After training their model, the researchers used it to generate structural predictions of more than 2,000 DNA sequences, and then compared them to experimentally determined structures for these sequences. They found that the model produced structures that were the same or very similar to those seen in the experimental data.
“We usually look at hundreds or thousands of conformations for each sequence, which allows you to reasonably represent the diversity of structures that a particular region can have,” Zhang said. “If you repeat the experiment multiple times, in different cells, you will most likely end up in very different conformations. That’s what our model is trying to predict.”
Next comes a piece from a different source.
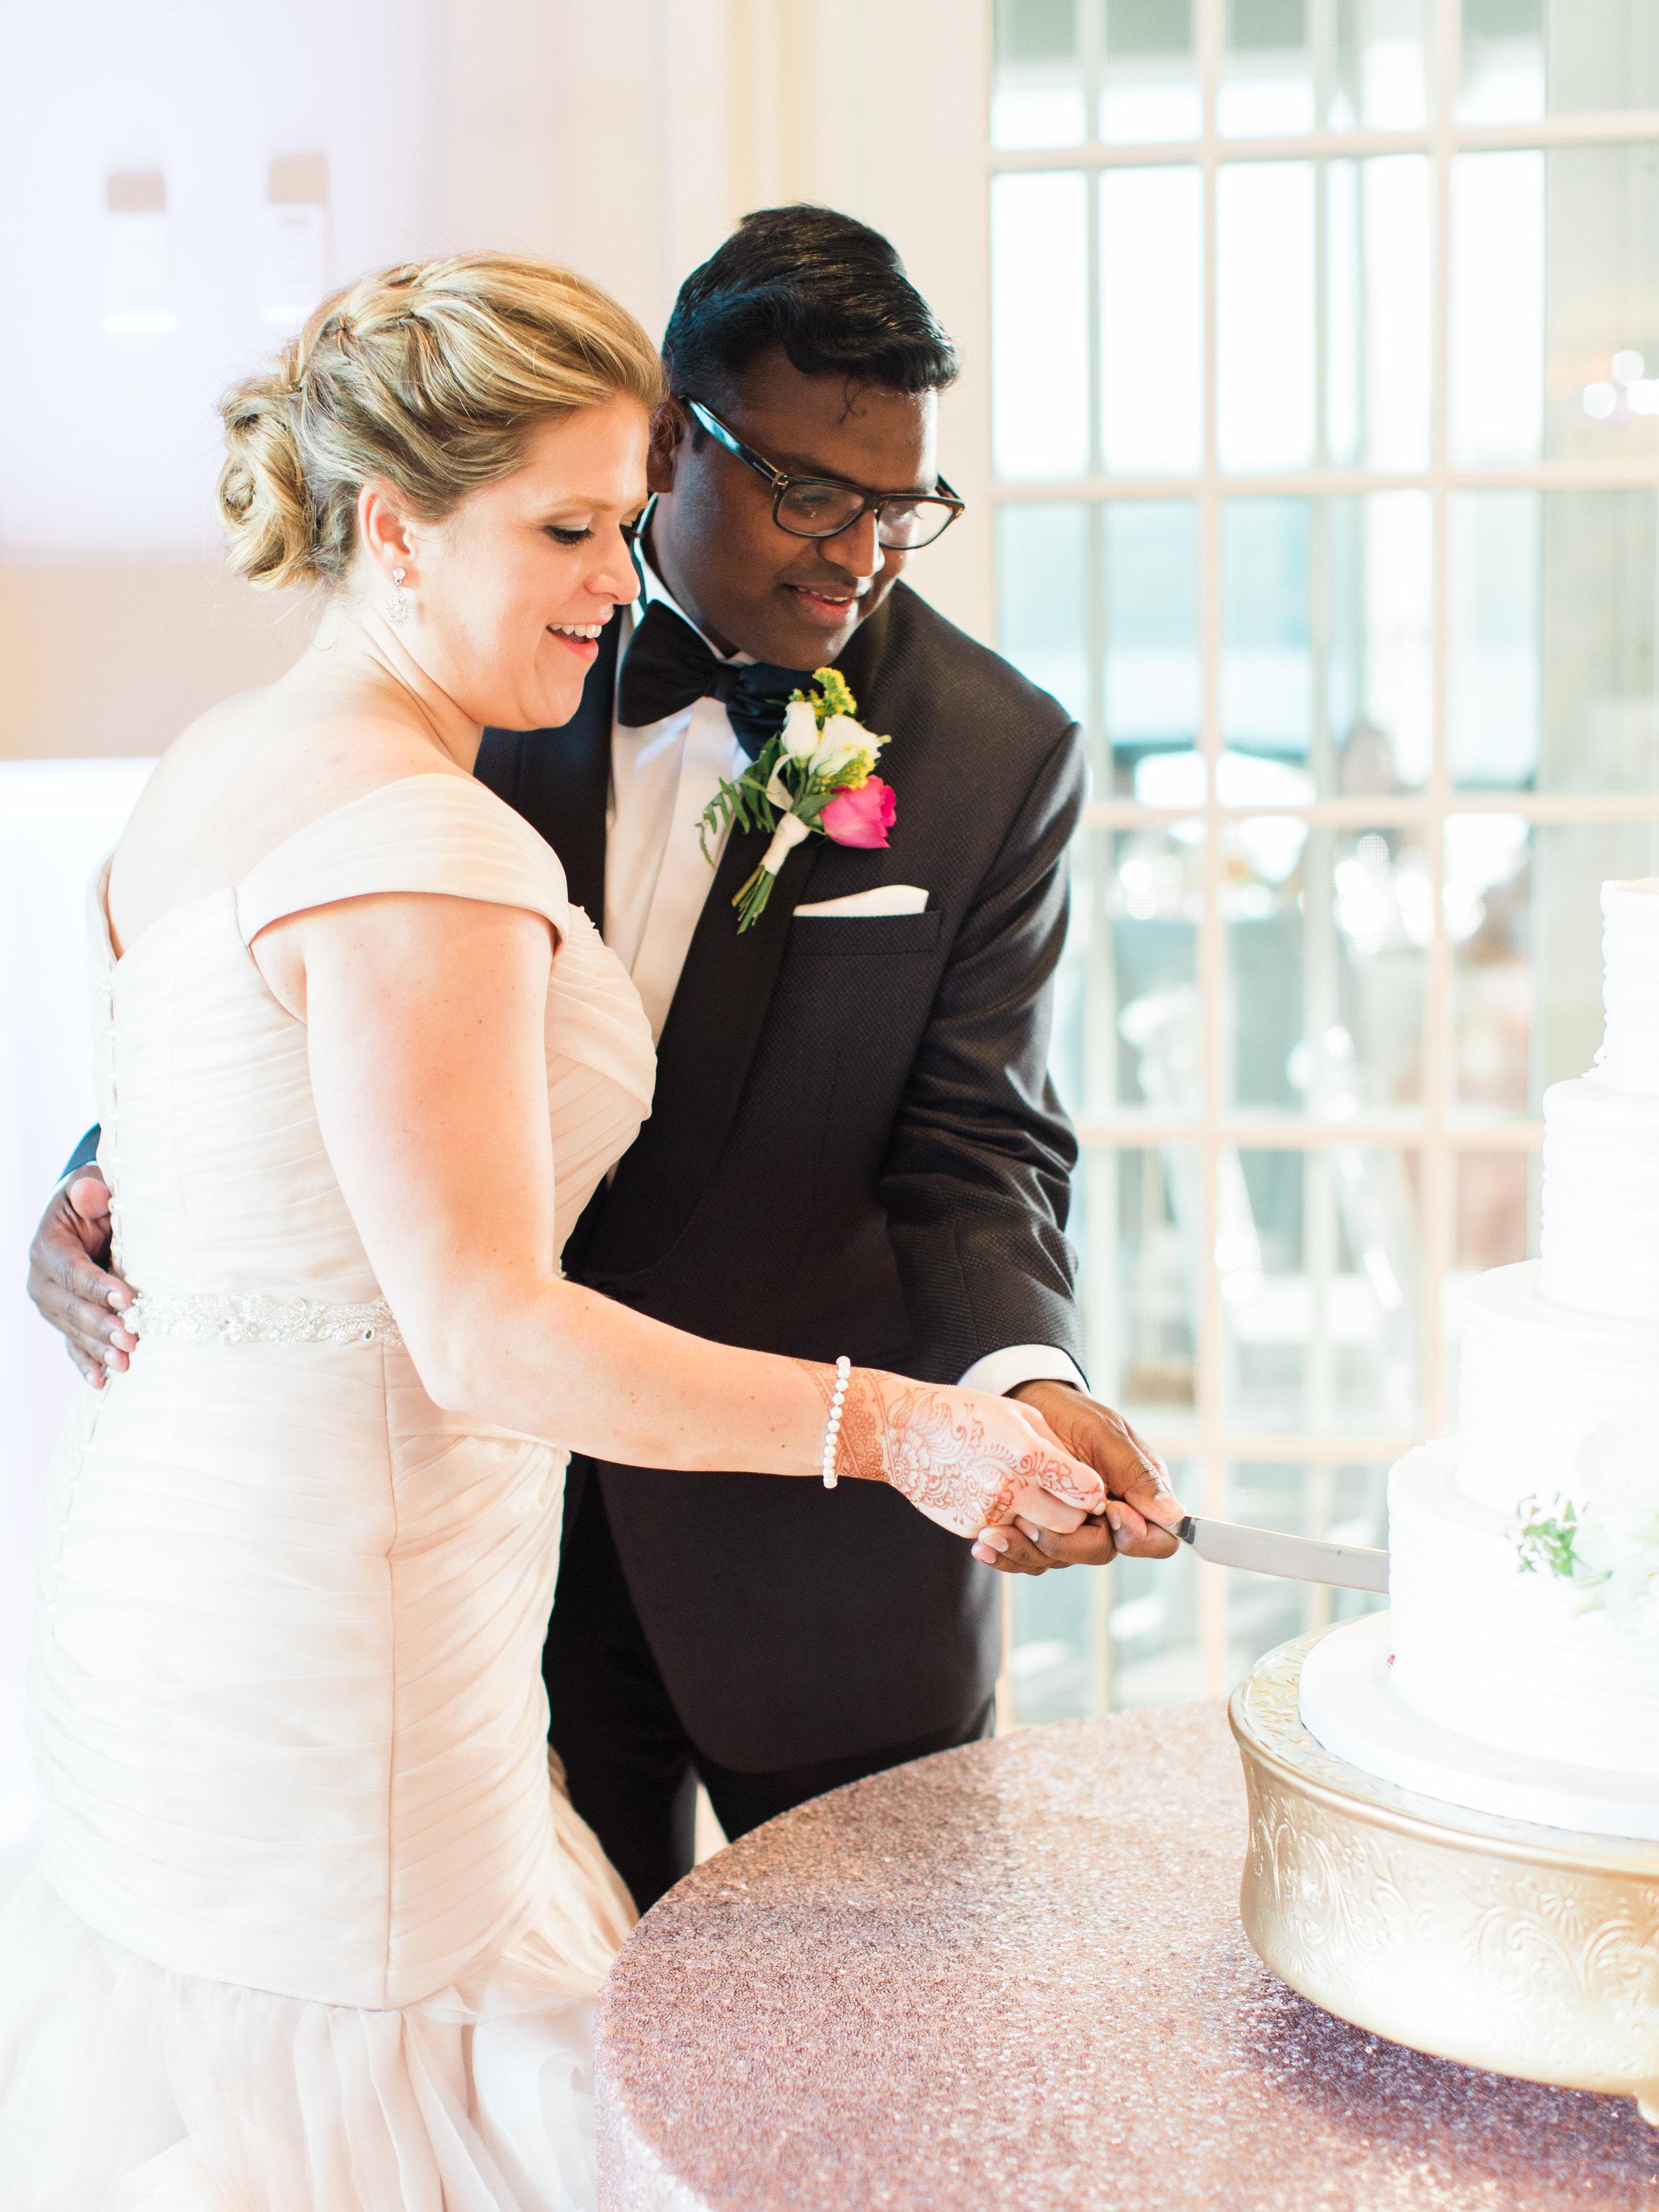 Govathoti+Wedding+Reception+Cake+Cutting-6.jpg

The researchers also found that the model can accurately predict the data from the data of the cell types trained. This suggests that this model is useful for analyzing how chromatin structures differ between cell types and how these differences affect their function. The model can also be used to explore different chromatin states that may exist in a single cell and how these changes affect gene expression.
“Colomogen provides a new framework for AI-driven genome folding principles and demonstrates that generative AI can have 3D genomic structures that bridge genome and epigenomic features, pointing to future studies of changes in genome structure and function, with no scope of various biological contexts involving Carnegie Mellon’s computational biology major.
Another possible application is to explore how mutations in specific DNA sequences change chromatin conformation, which may elucidate how such mutations cause disease.
“I think we can solve a lot of interesting problems with this model,” Zhang said.
The researchers provided all the data and models to others who wanted to use the data.
The study was funded by the National Institutes of Health.